Possibly in the collection of Prince Orloff, Paris. Private collection, London. (sale, Sotheby’s, London, 18 May 1938, no. 103). (Wildenstein, New York); sold to Samuel H. Kress [1863-1955] on 31 December 1942; gift 1952 to the National Gallery of Art; deaccessioned 1957 and returned to the Samuel H. Kress Foundation; gift to the Lowe Art Museum, University of Miami, Coral Gables, no. 61.023.000.

Catalogue Entry

Bernardino Fungai
Madonna and Child with Saints and Angels
K1341

Coral Gables, Fla., Joe and Emily Lowe Art Gallery, University of Miami (61.23), since 1961.(1) Wood. Diameter, 48 1/2 to 49 1/4 in. (123.2 to 125.1 cm.). Very good condition except for a few restorations.
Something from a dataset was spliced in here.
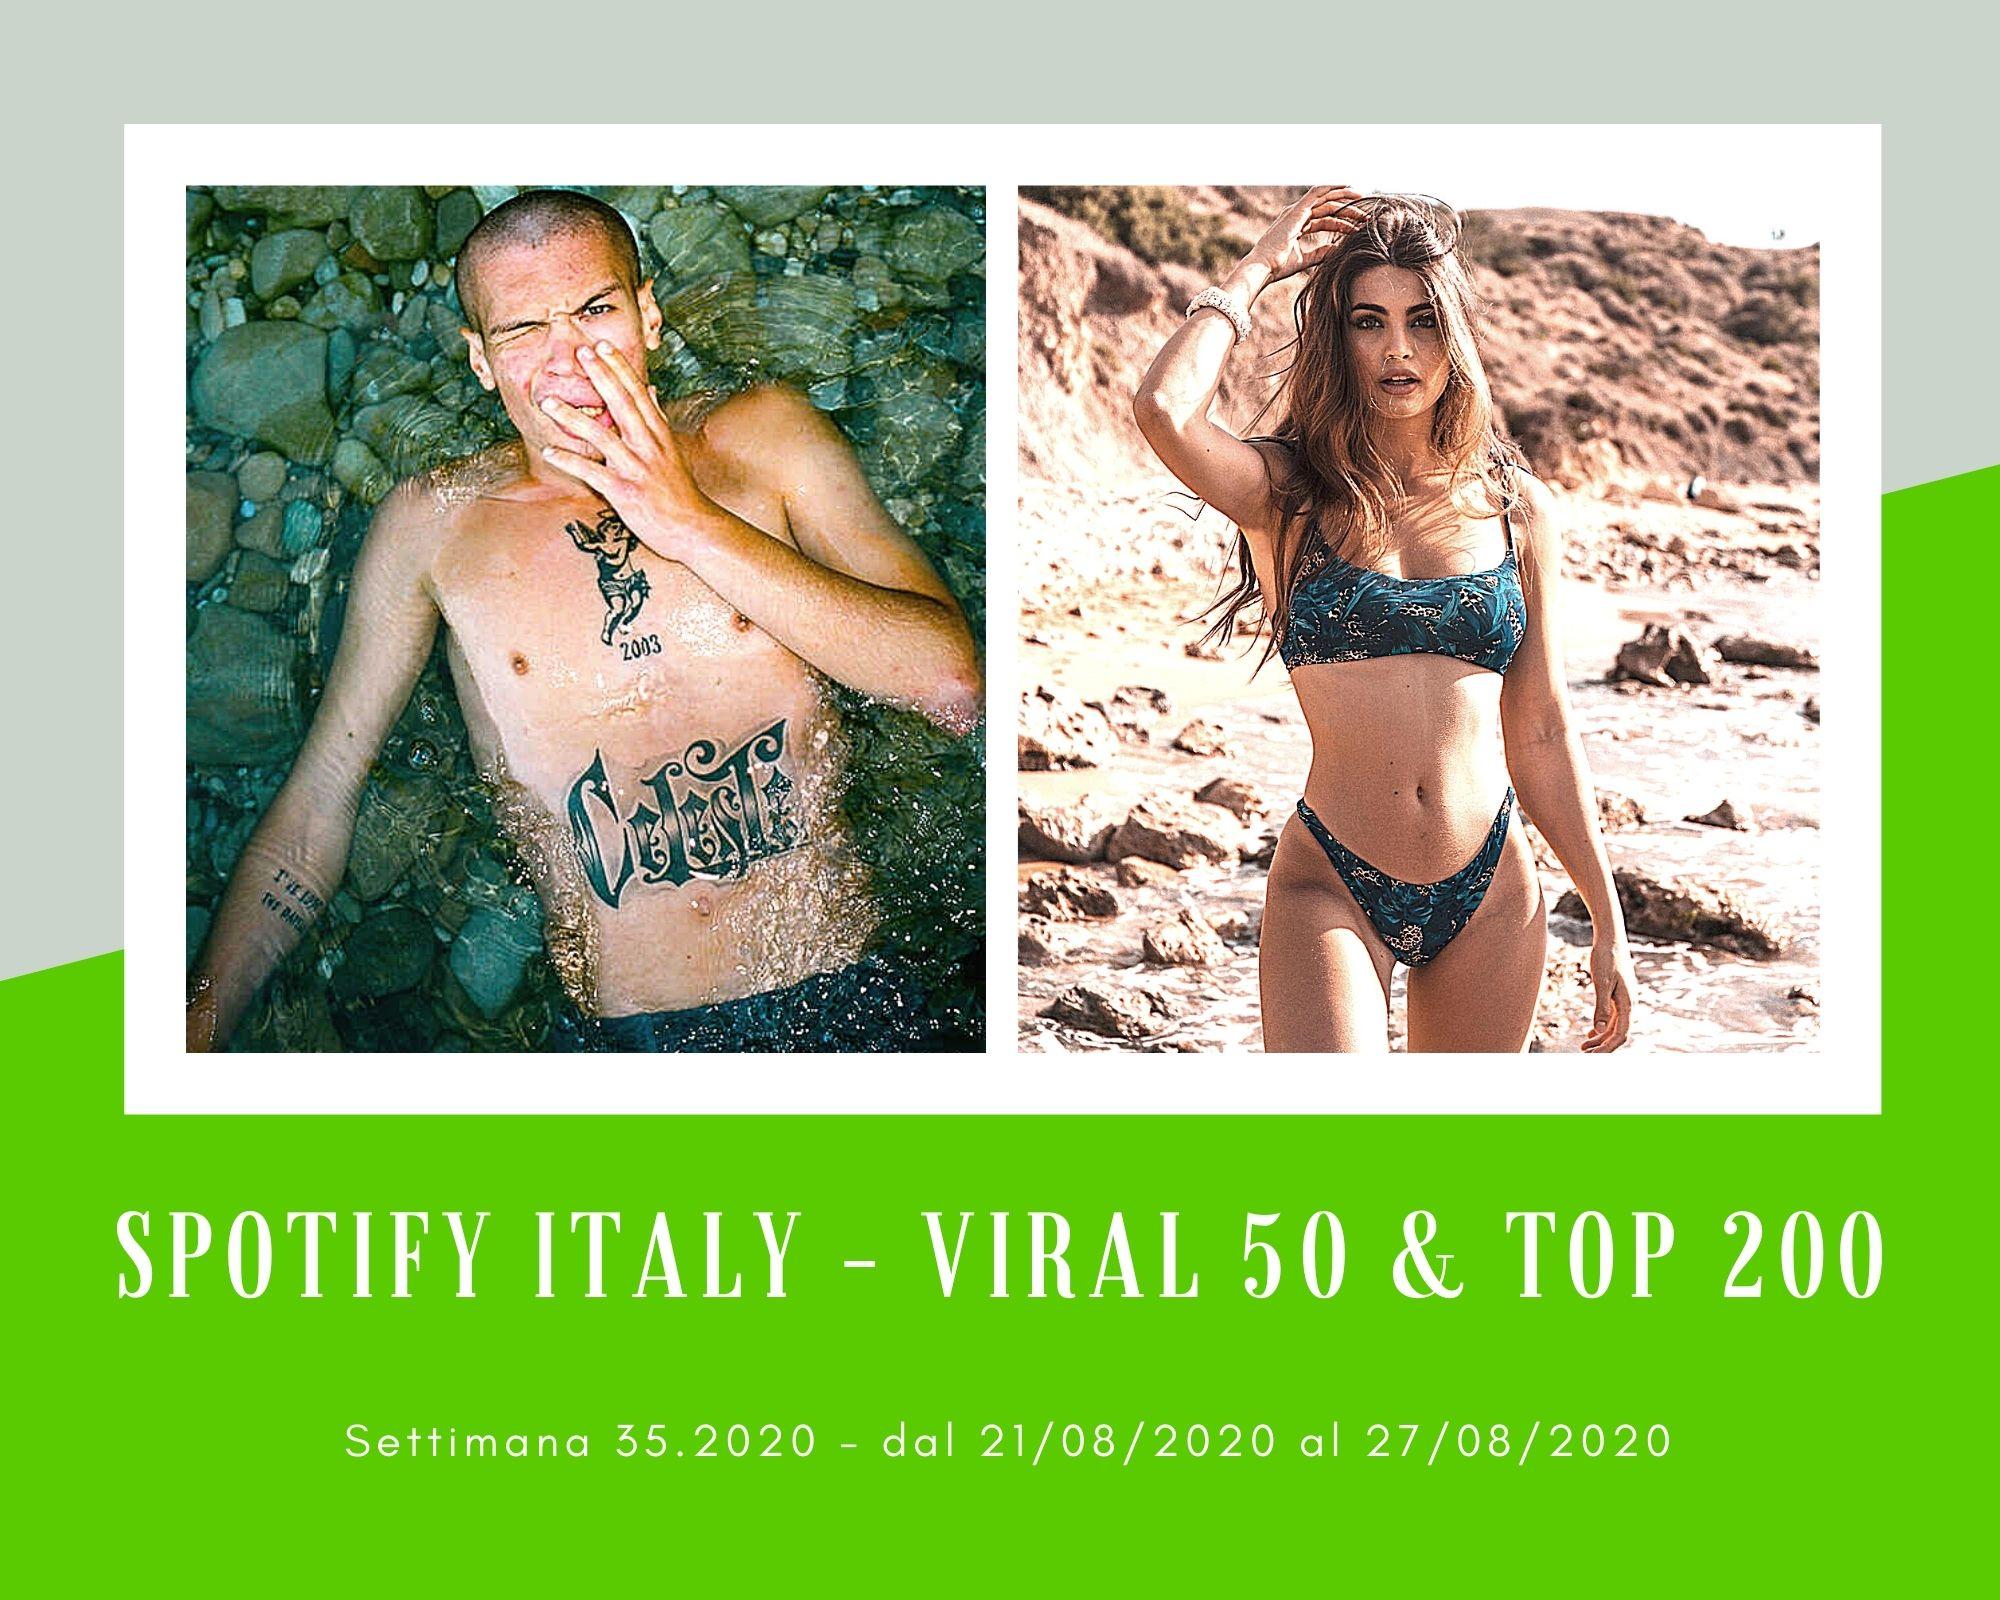 Classifica Spotify, week 35: Non solo Aiello, tra le rivelazioni d'estate anche Blanco e Emma Muscat

Probably painted about 1510/15,(2) this tondo is related, in both landscape and figures, to the altarpiece of the Madonna and Saints in the Pinacoteca, Siena, which is signed, and dated 1512.(3) The tondo is saved, however, from the me­diocrity of the artist's late style by a playful freedom of composition, by the motive, for example, of the Christ Child borne by angels on a flower-decked litter and cling­ing to the head of one of the angels to steady Himself. Mary of Egypt, whose prayer for clothing in her desert life was answered by a miraculous growth of her hair, kneels at the right. Two other saints who experienced life in the desert, John the Baptist and Jerome, stand behind a parapet at the left; Franciscans, among whom St. Francis is receiving the stigmata, are shown in the distance at the right; and a little to their left St. Christopher, carrying the Christ Child, fords a stream. Provenance: Said to have come from the collection of Prince Orlóff, Paris (could it be the tondo of Fungai's 'Madonna and Child and Saints bought in Siena in 1827 by my friend Fauslinere (or Faushnere),who went to London,' as reported by E. Romagnoli in his early-nineteenth ­century manuscript on Sienese artists?(4)). Private Collec­tion, England (sold, Sotheby's, London, May 18, 1938, no. 103, as Fungai; bought by the following). Wildenstein's, New York (Italian Paintings, 1947, list in Introduction). Kress acquisition, 1942 –exhibited: National Gallery of Art, Washington, D.C. (800), 1945-55, as Fungai.

References

(1) Catalogue by F. R. Shapley, 1961, p. 28, as Fungai. (2) R. van Marle (Italian Schools of Painting, vol. XVI, 1937, p. 476) classifies this as a late work by Fungai, c. 1510/12. B. Berenson (in Dedalo, vol. XI, 1931, p. 760; Intemational Studio, vol. XCVIII, 1931, p. 22), while attribut­ing it to Fungai, notes the influence of Signorelli in the figure of St. Jerome, and of Umbrian painting and Sodoma in the landscape. (3) This altarpiece is reproduced by P. Bacci, Bernardino Fungai, 1947, fig. 17. (4) Ibid., p. 120. M. Davies (National Gallery Catalogues: Earlier Italian Schools, 1961, p. 207) suggests that this quotation may refer to no. 1331 in the National Gallery, London; the descrip­tion suits K1341 better.